◆ Problem to work on: The required output is the exact run of lines from the one that contains "キッチンの作業台にはスパイス" to the end of the data, with every picture left out.

*** Data

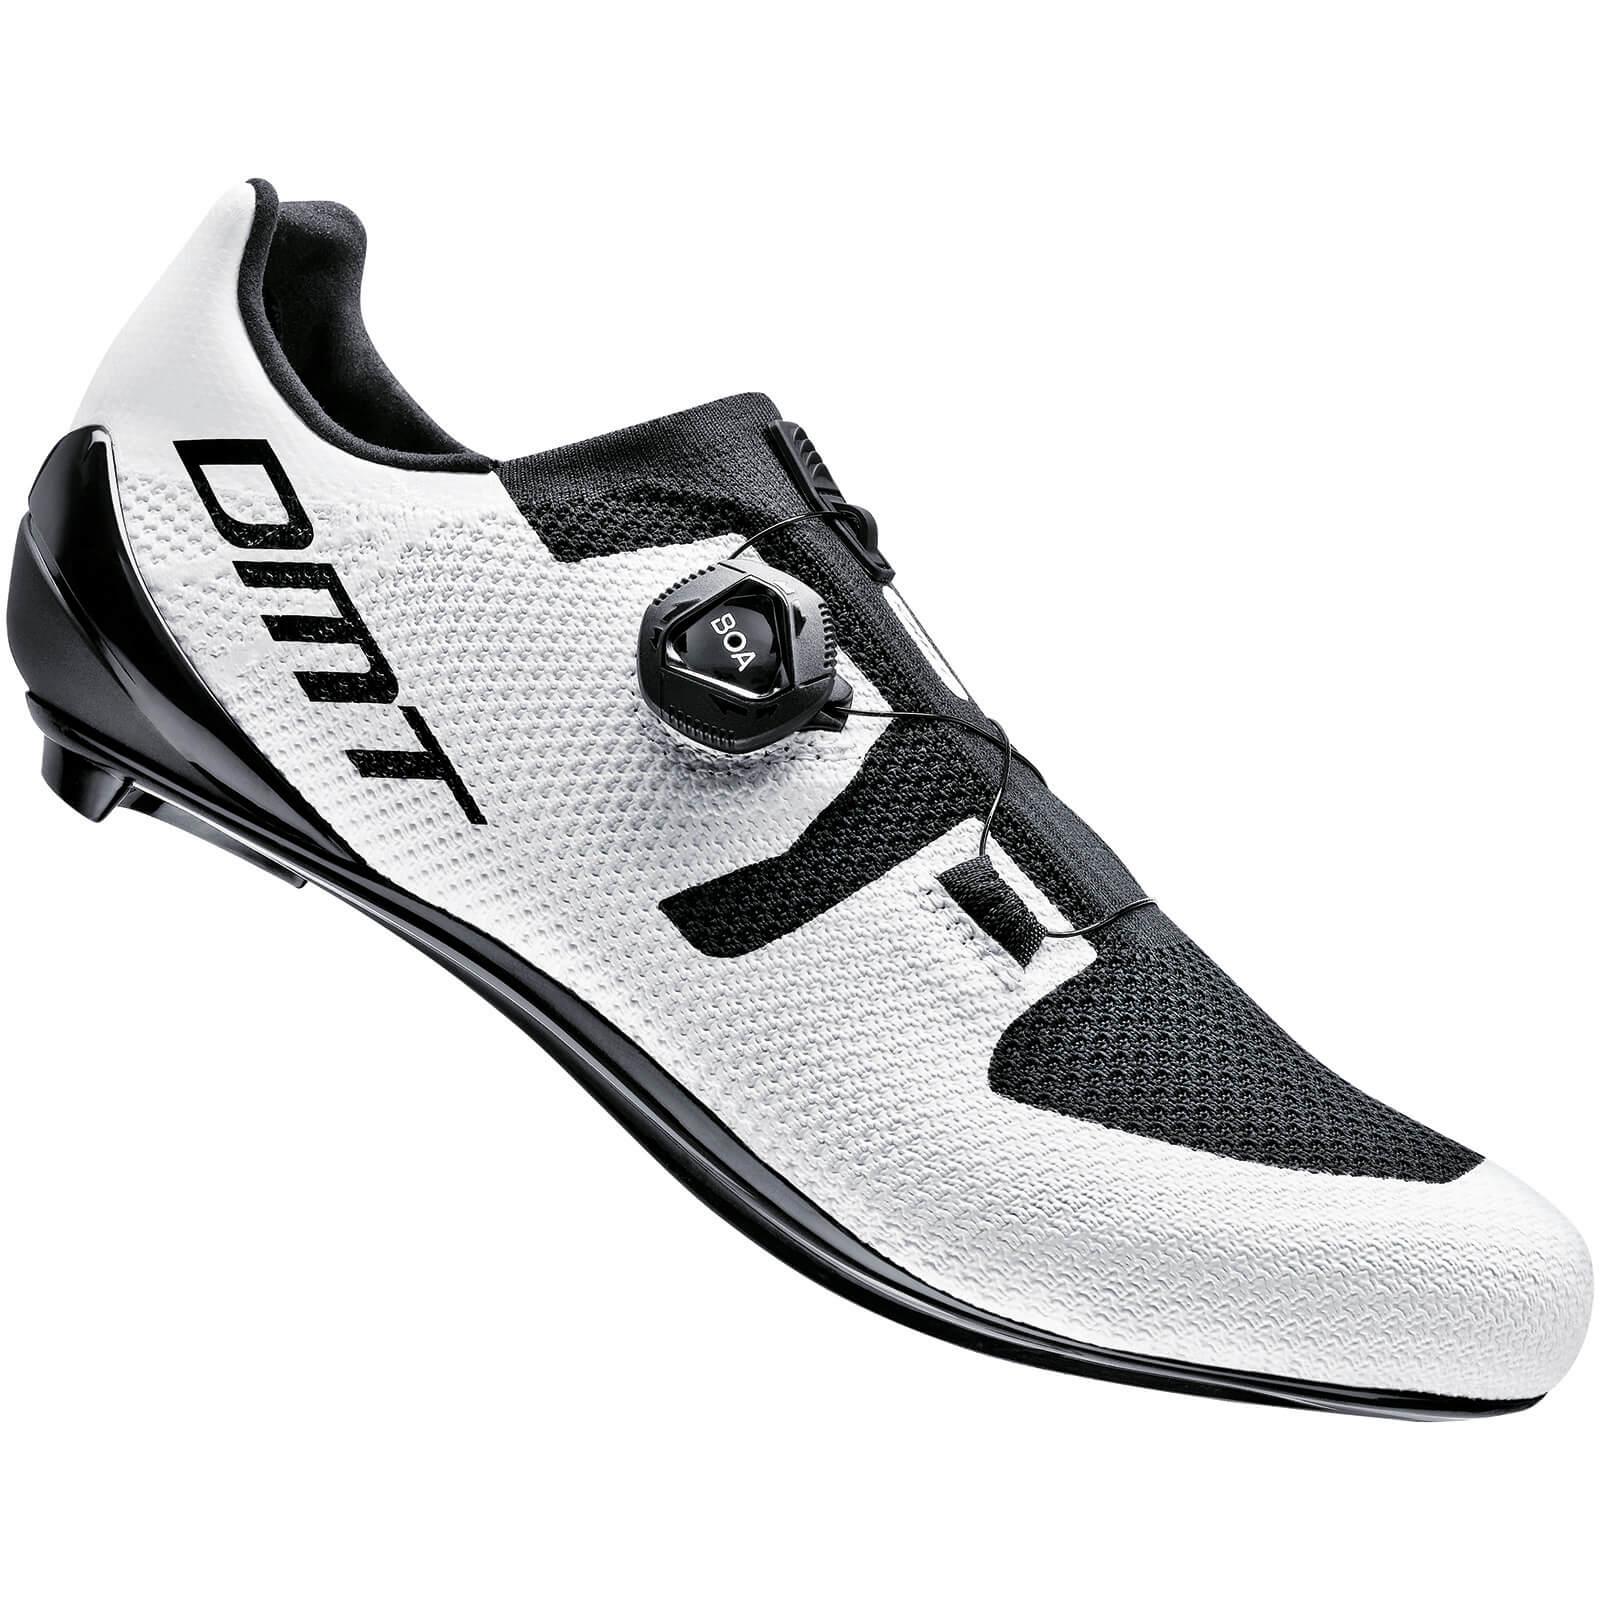 DMT KR3 Road Shoes - EU 43 - White/Black
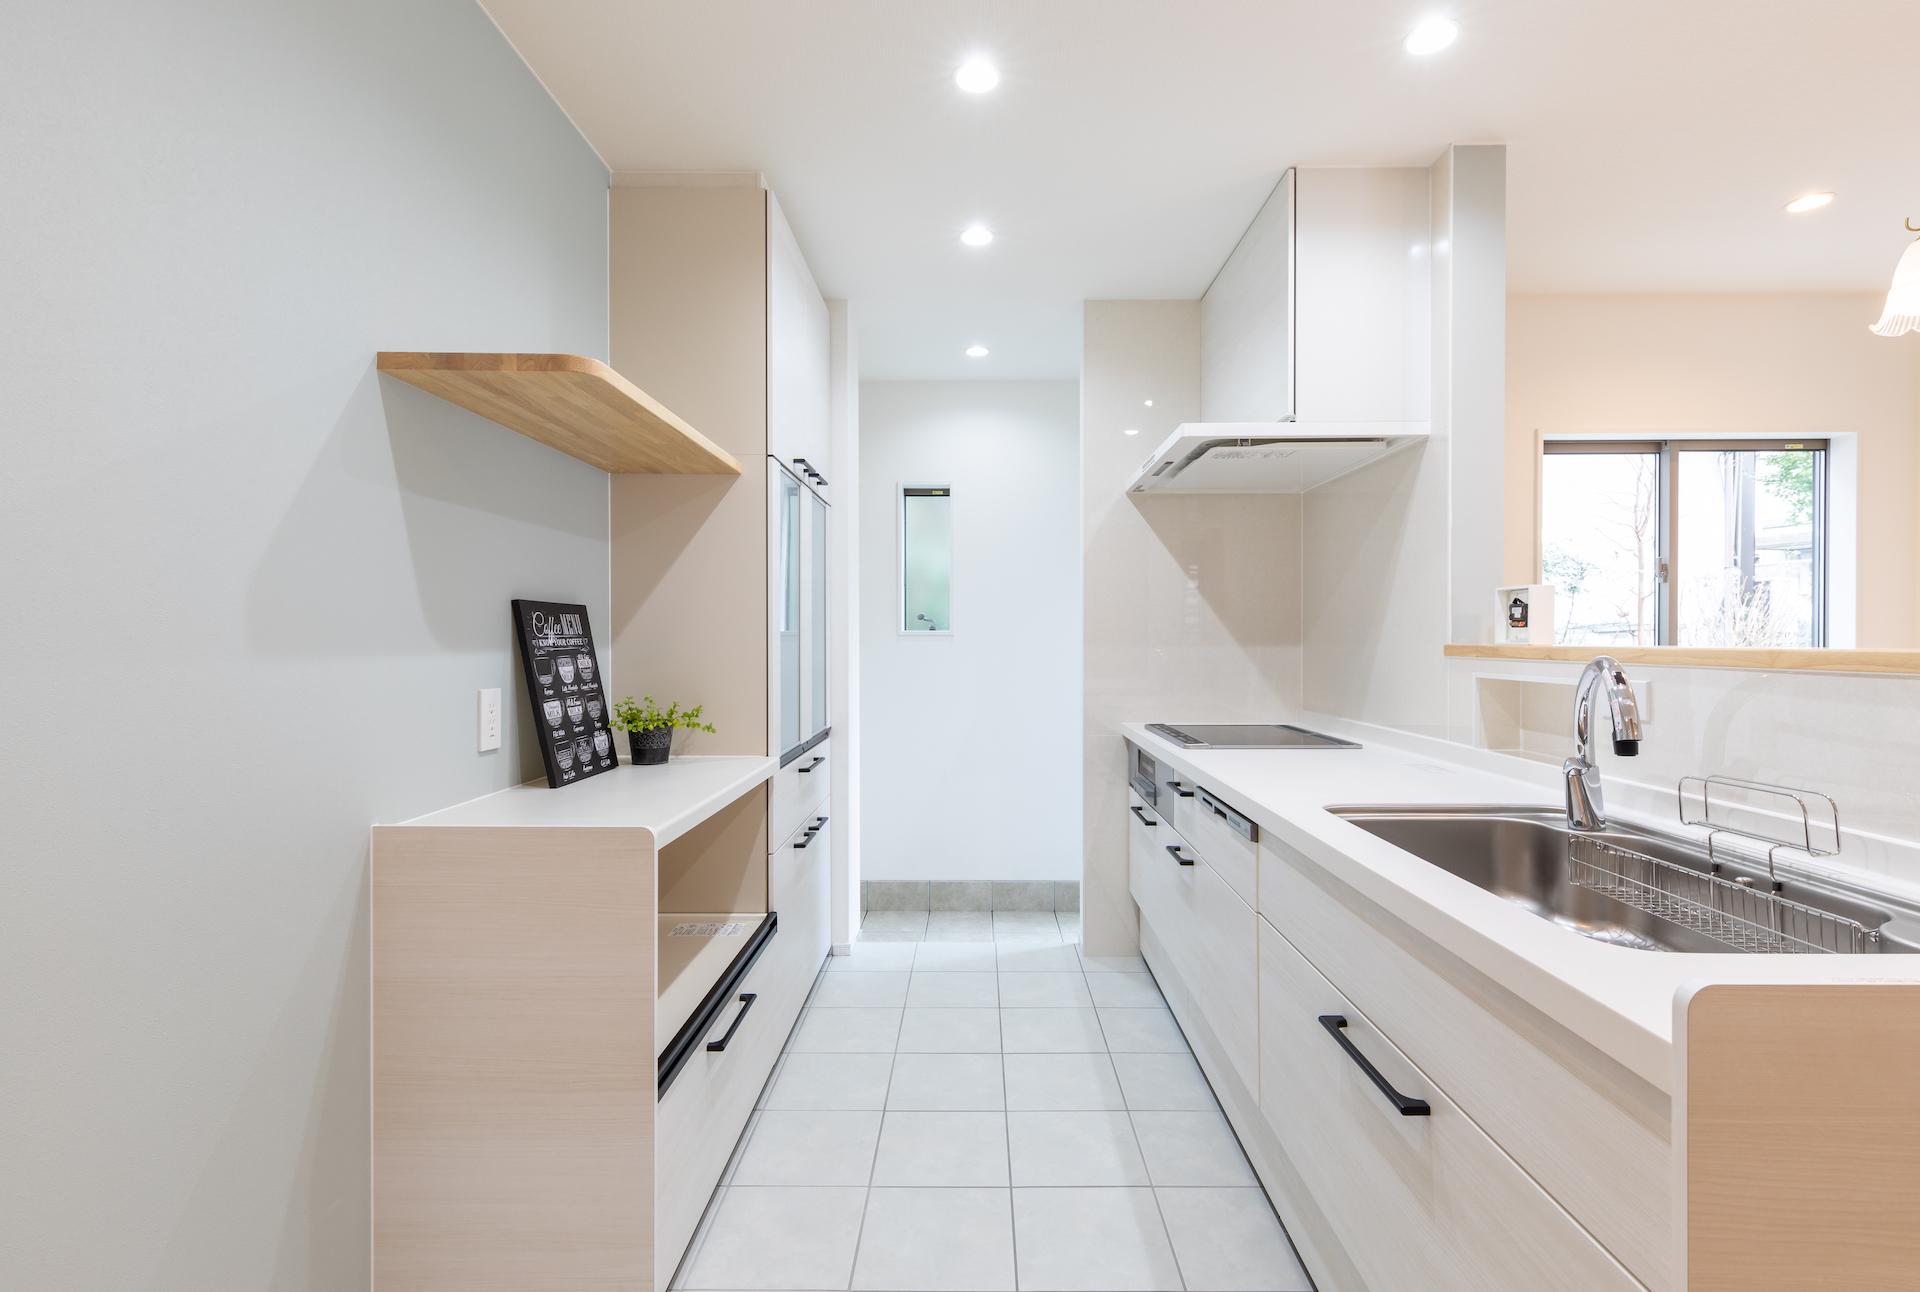 キッチンの作業台にはスパイスニッチを設けた。床は掃除のしやすさを考慮しタイルを敷きつめている。奥の一段下がった土間部分にはあえて床暖房を入れず、実家から届く野菜の保管スペースとしても活用。勝手口とつながっており、毎日のゴミ捨てもラクラクだ
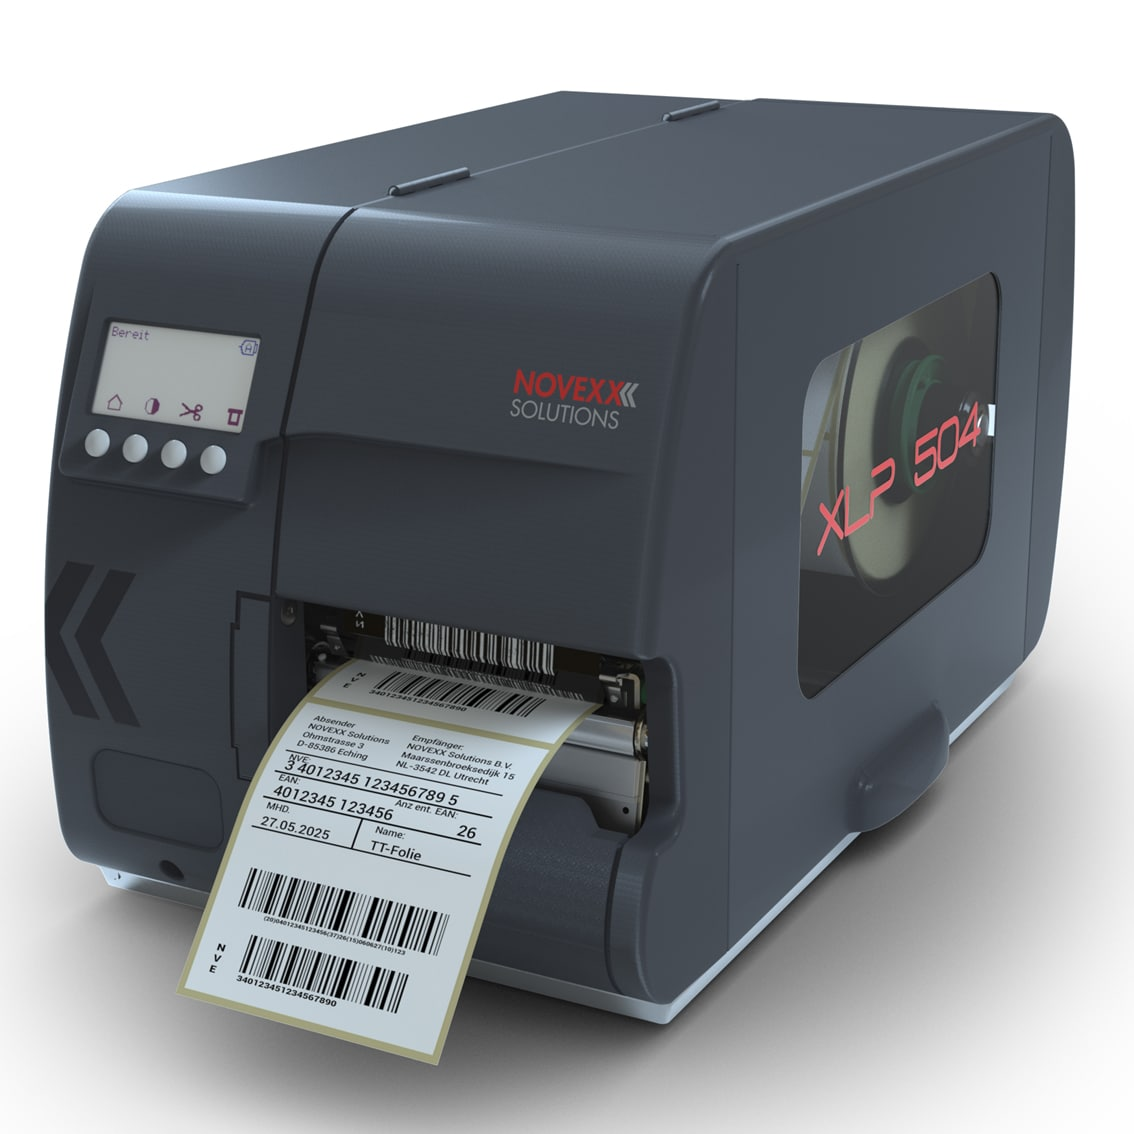 Imprimante d'étiquettes industrielle Novexx XLP 504-ALPHAPRINT

******

◆ Completed exercise:
 キッチンの作業台にはスパイスニッチを設けた。床は掃除のしやすさを考慮しタイルを敷きつめている。奥の一段下がった土間部分にはあえて床暖房を入れず、実家から届く野菜の保管スペースとしても活用。勝手口とつながっており、毎日のゴミ捨てもラクラクだ
 Imprimante d'étiquettes industrielle Novexx XLP 504-ALPHAPRINT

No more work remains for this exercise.